Anybody can get popular here by being ubiquitous... commenting excessively, uploading endless non-challenging exercises in repetition/derivation, hopping on every possible "free art" offer, or even going so far as to buy a drawing from someone else once a week or more. Anything to get their character everywhere, their icon linked to, or what have you. I appreciate that you don't do any of these things! (eh, to my knowledge) I may not have said that in the past, because I'm afraid to alienate people who do. Because I'm a coward. If you've stuck up for yourself and regretted it, I say that you shouldn't in the slightest. If you are open-minded and empathetic, and I think you are, then it is hard to be wrong.

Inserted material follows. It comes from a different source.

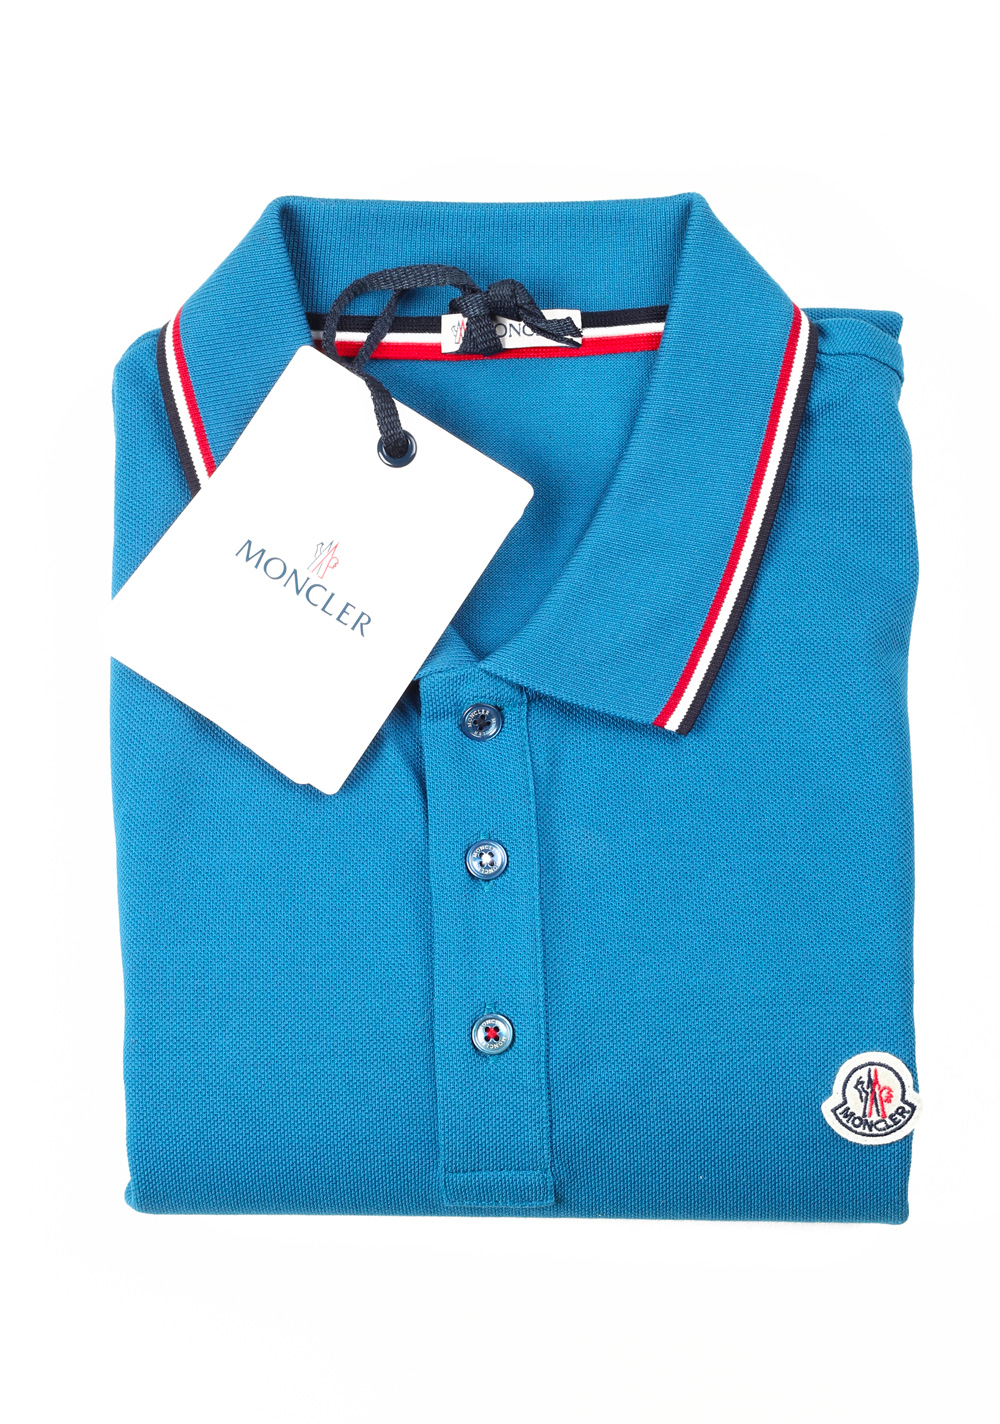 Moncler Long Sleeve Polo Shirt Size 3XL

More realistically, off the internet, the more important matter at hand? I have no idea. Or less than none, sometimes. The more I struggle in basic art classes the more I also suspect my own personal goals will have to be something I do in my free time for no money. I don't feel like a total failure yet, but I get closer. Yet it might not be that bad. If I can make myself laugh with a drawing then it's not a waste. Don't ever stop drawing roosters, frogs, and skeletons with fancy dingle bell collars. I don't know anybody else who does. Or draw something commonplace, and let whiners like my previous paragraph howl at the moon about it. It is you who matter. But don't stop challenging yourself, either.
Gosh I think that was longer than your jounal.
I will not stop drawing the off the beaten path stuff because I just like it.
I think it was longer! Congratulations!!